[Records from a data source]
• • • • • • •

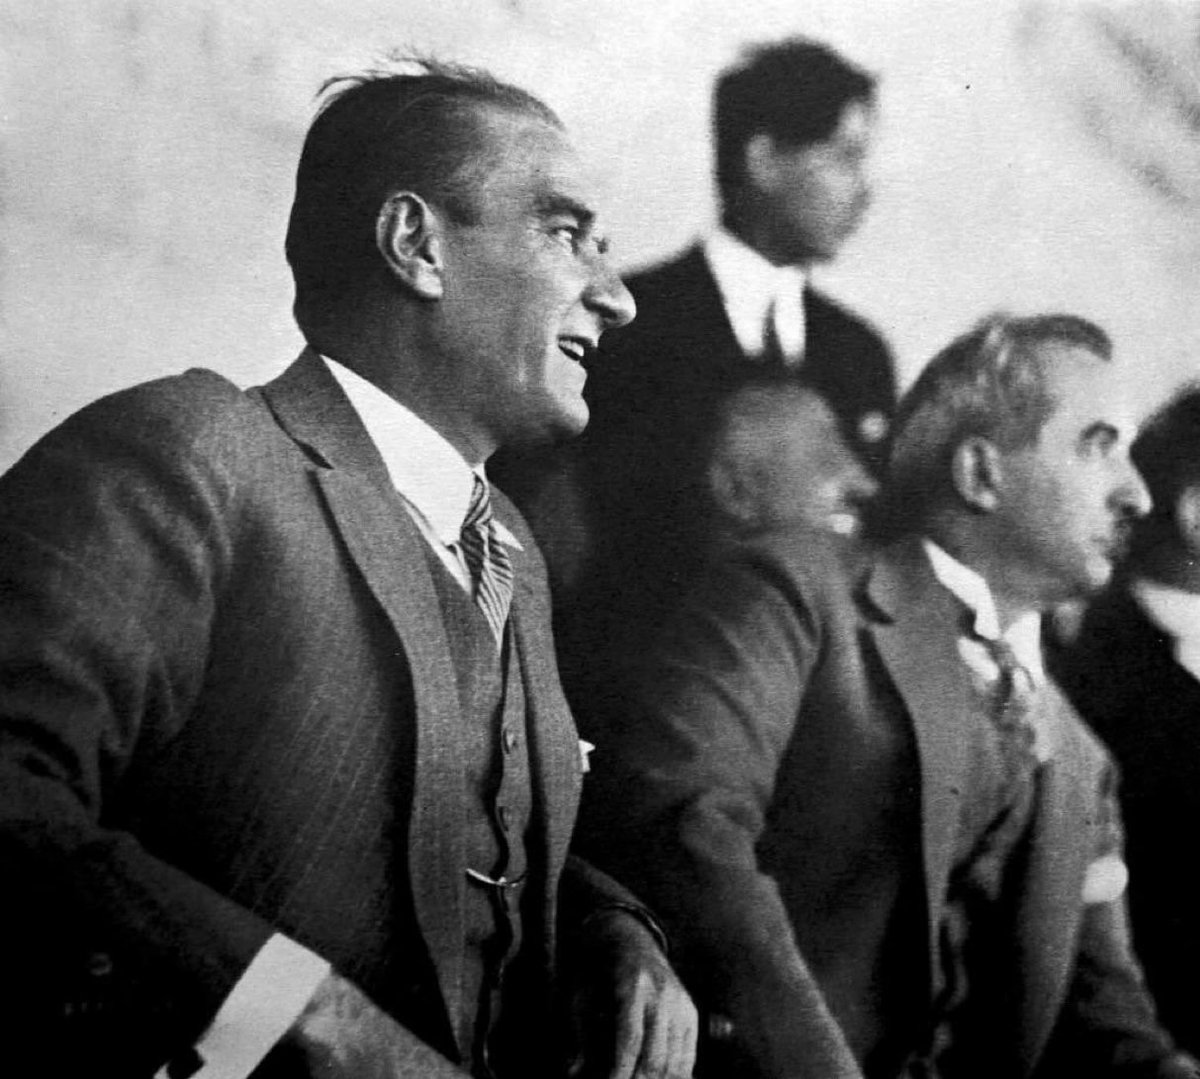 🇹🇷 SON DAKİKA | Cumhuriyetimizin 100. yılında, Ulu Önderimiz Gazi Mustafa Kemal Atatürk adına düzenlenen 97. Gazi Koşusu'nu Urfa Aslanı ile Mehmet Kaya kazandı! 

#GaziKoşusu
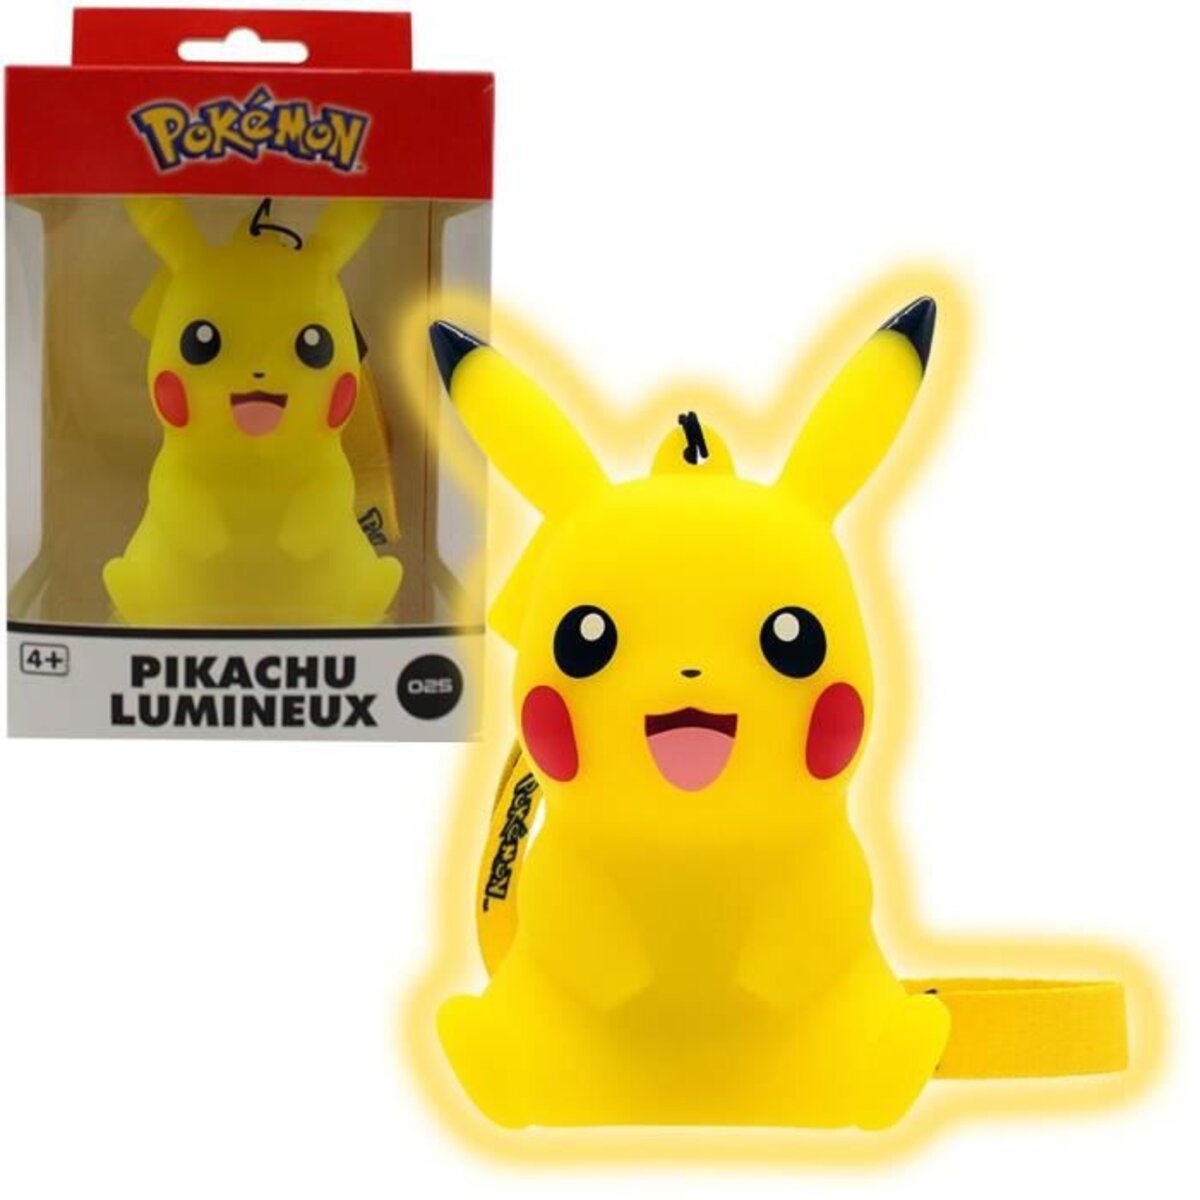 Pokémon - Figurine Pikachu lumineuse - veuilleuse Pokémon - La Poste
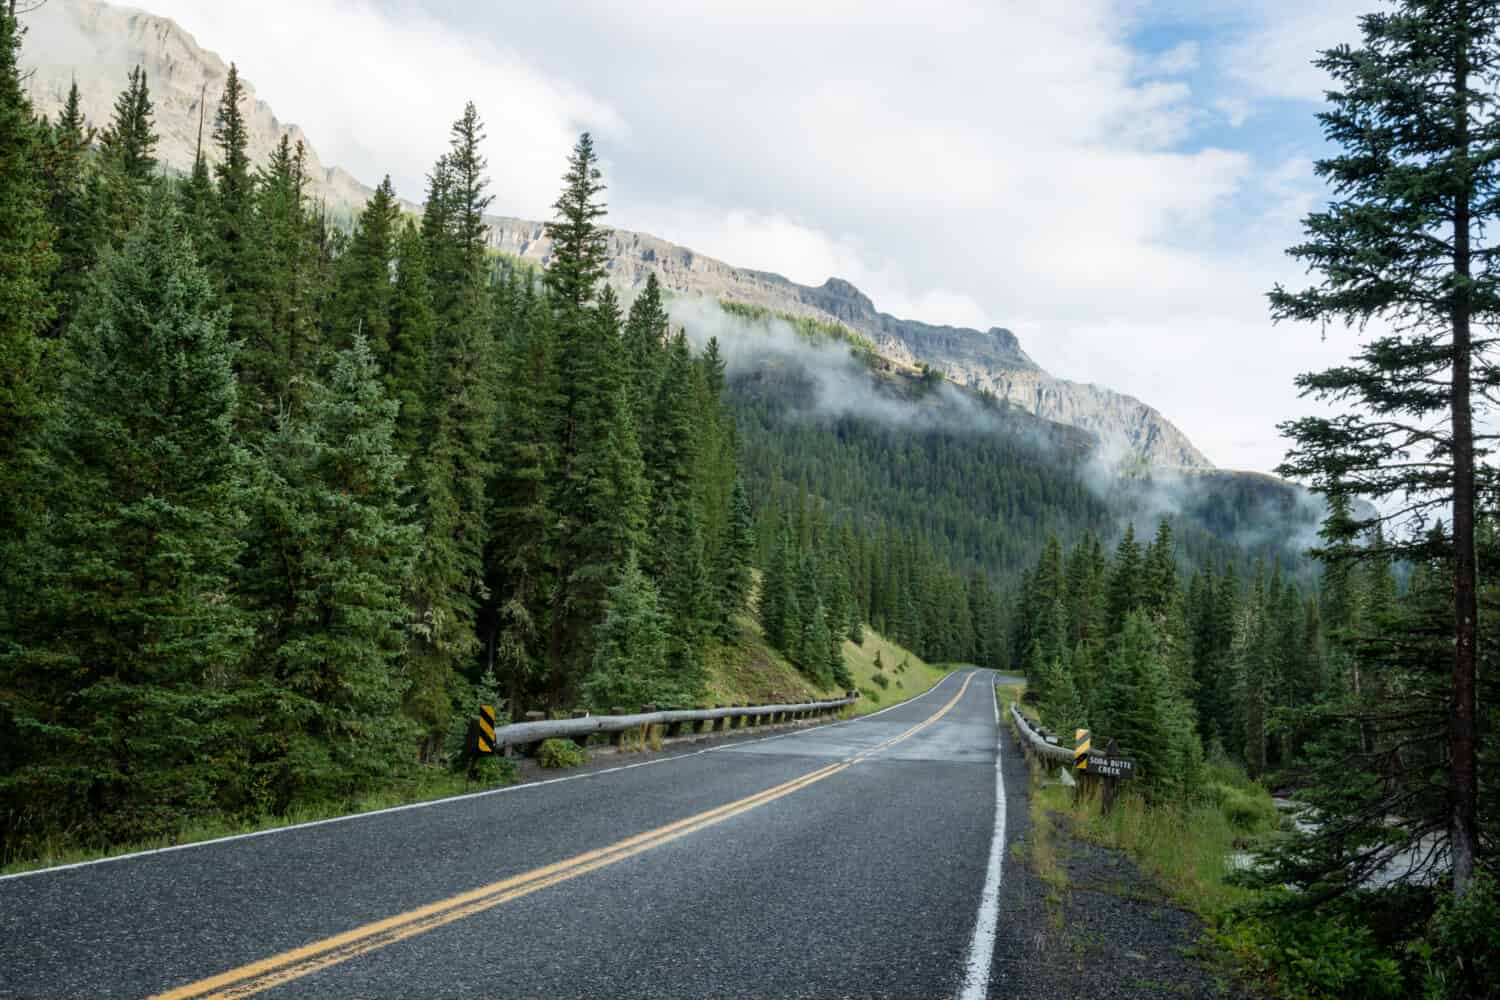 Autostrada Beartooth attraverso il Wyoming, Montana.  Il viaggio più panoramico degli Stati Uniti verso il Parco Nazionale di Yellowstone, circondato da una vegetazione lussureggiante e dalle cime delle montagne
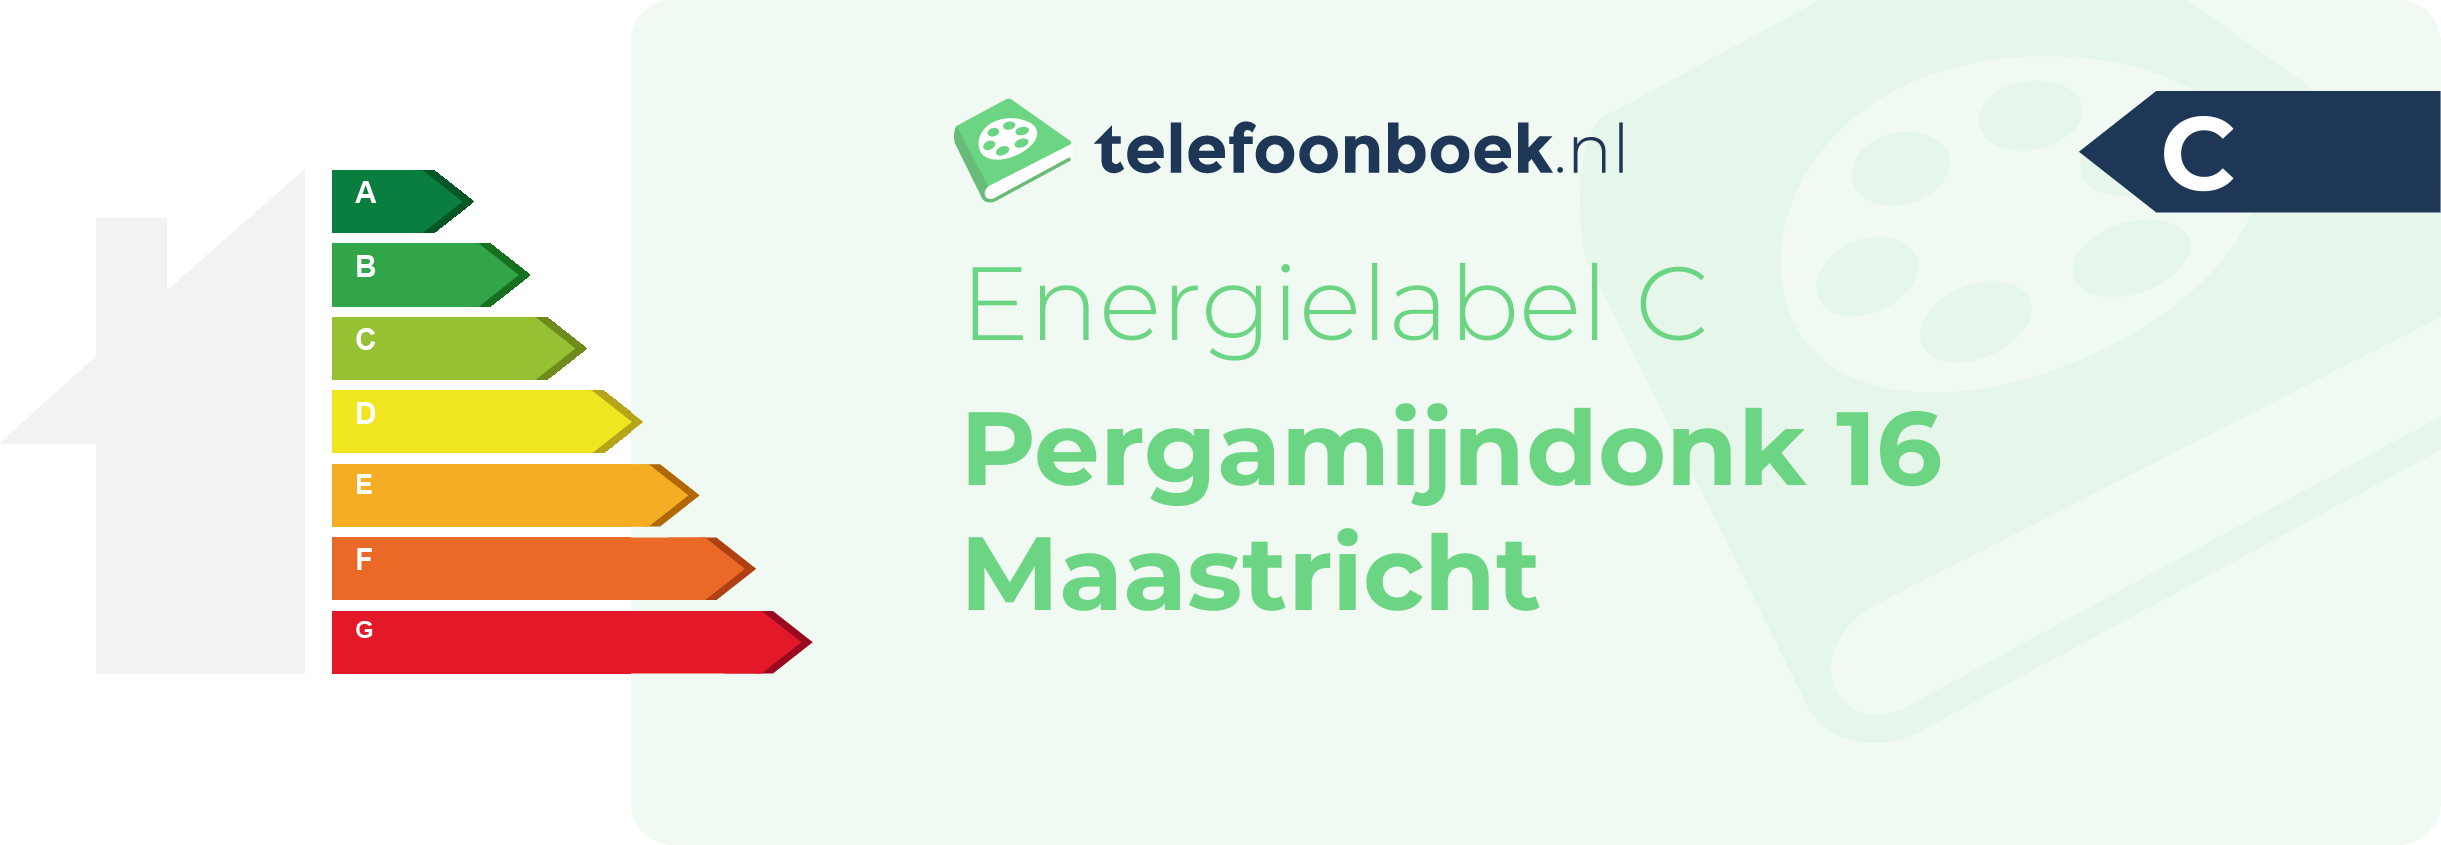 Energielabel Pergamijndonk 16 Maastricht
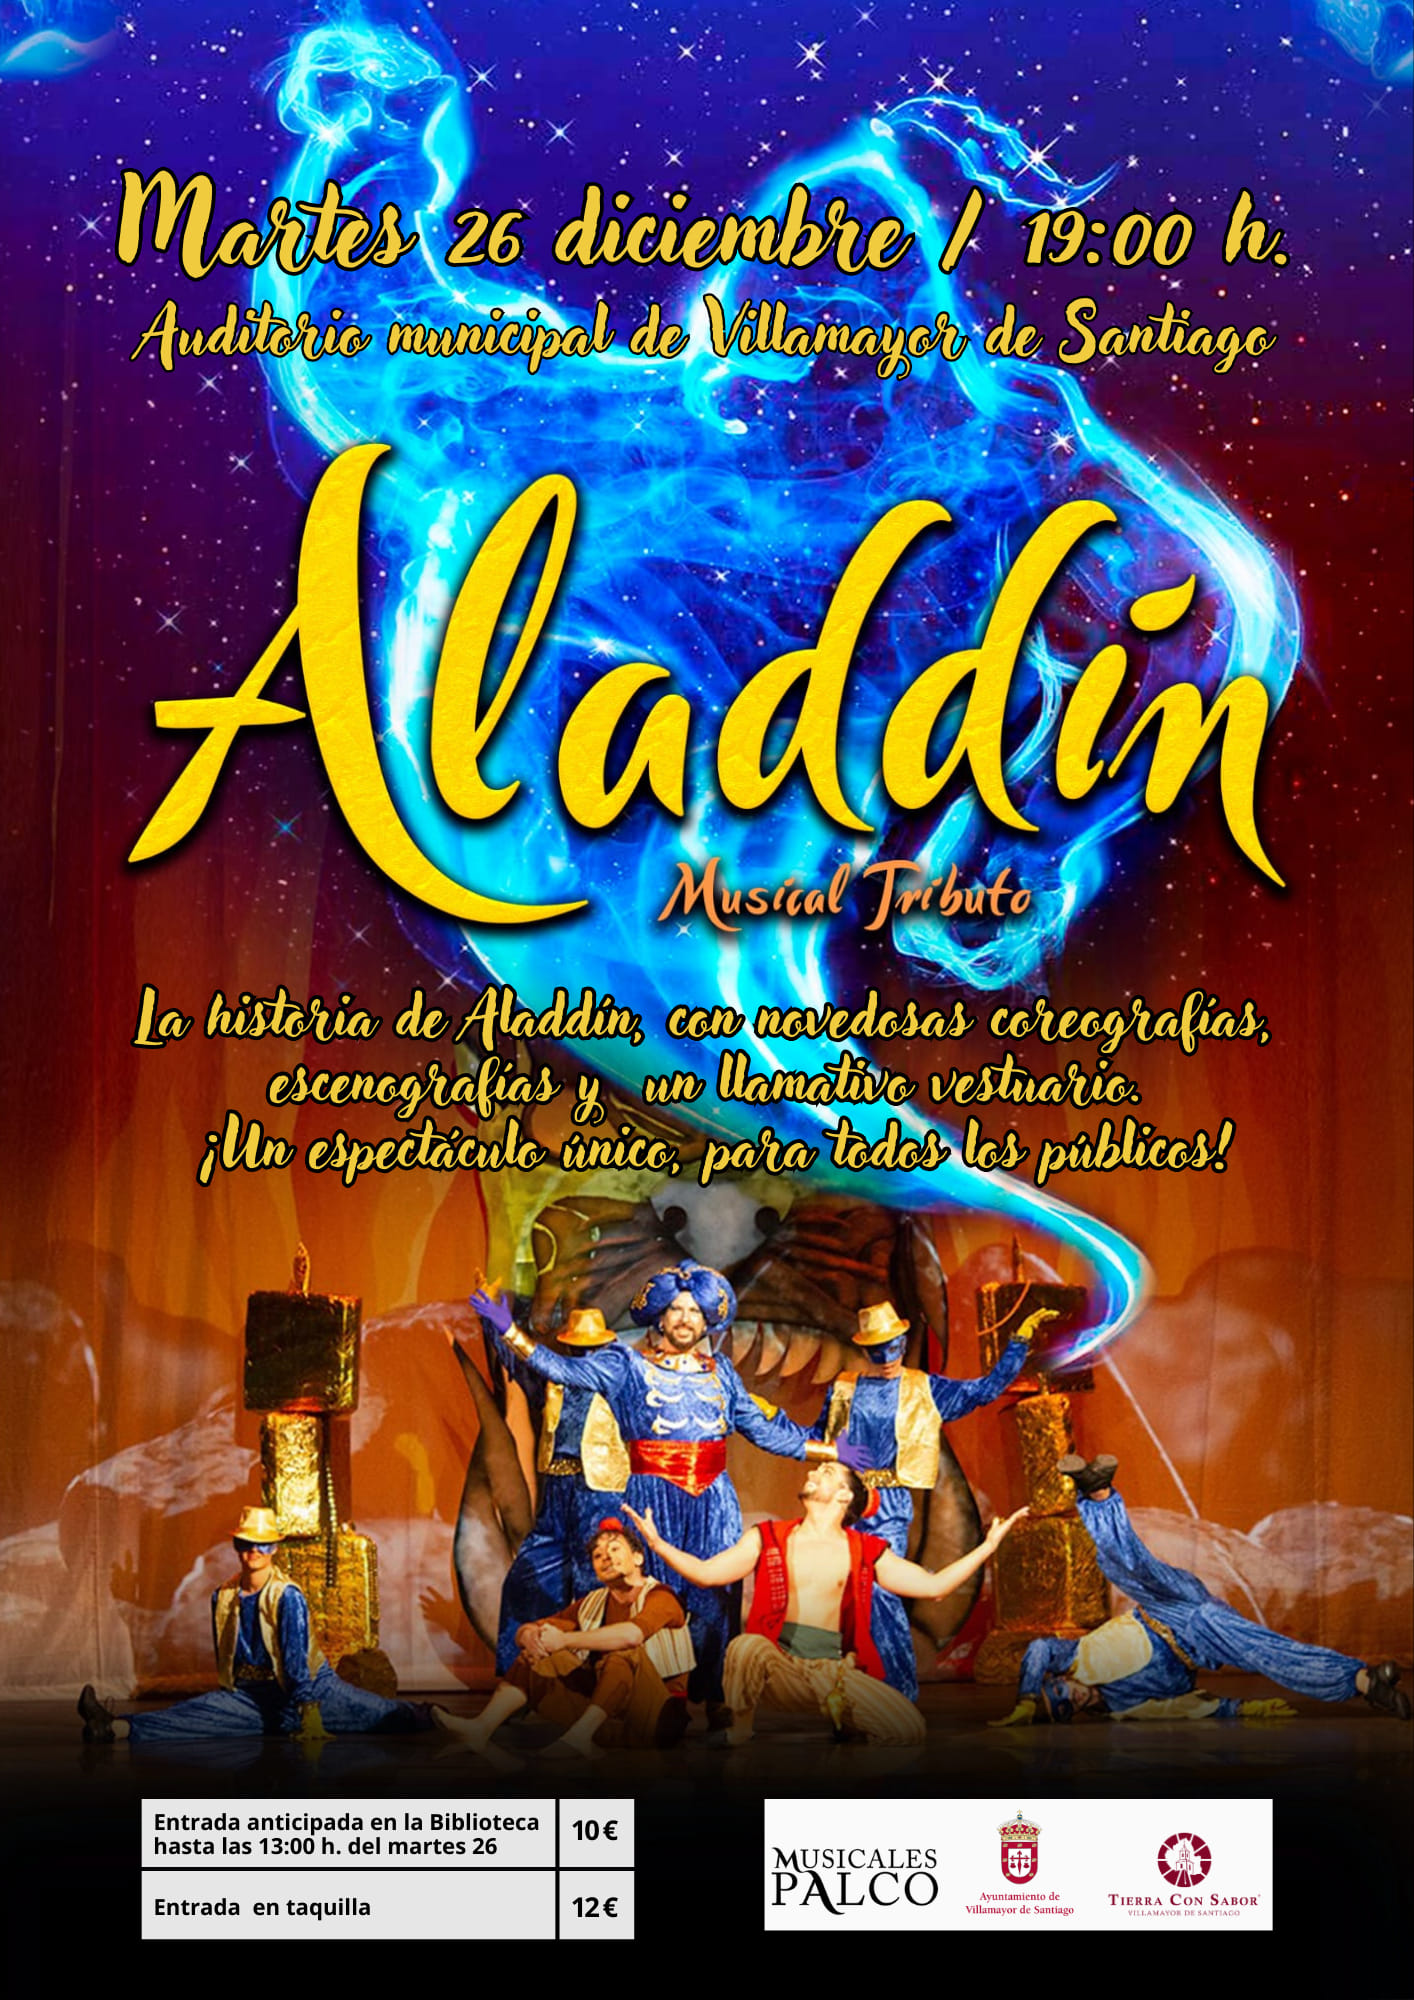 En este momento estás viendo Aladdín, musical tributo en Villamayor de Santiago

• • • • • • •

ABOUT THIS EXERCISE :: Would you write out exactly the lines above, starting at the line containing "#GaziKoşusu" and stopping after the line containing "Energielabel Pergamijndonk 16 Maastricht"? Omit the pictures.

REPLY ::
#GaziKoşusu
 Pokémon - Figurine Pikachu lumineuse - veuilleuse Pokémon - La Poste
 Autostrada Beartooth attraverso il Wyoming, Montana.  Il viaggio più panoramico degli Stati Uniti verso il Parco Nazionale di Yellowstone, circondato da una vegetazione lussureggiante e dalle cime delle montagne
 Energielabel Pergamijndonk 16 Maastricht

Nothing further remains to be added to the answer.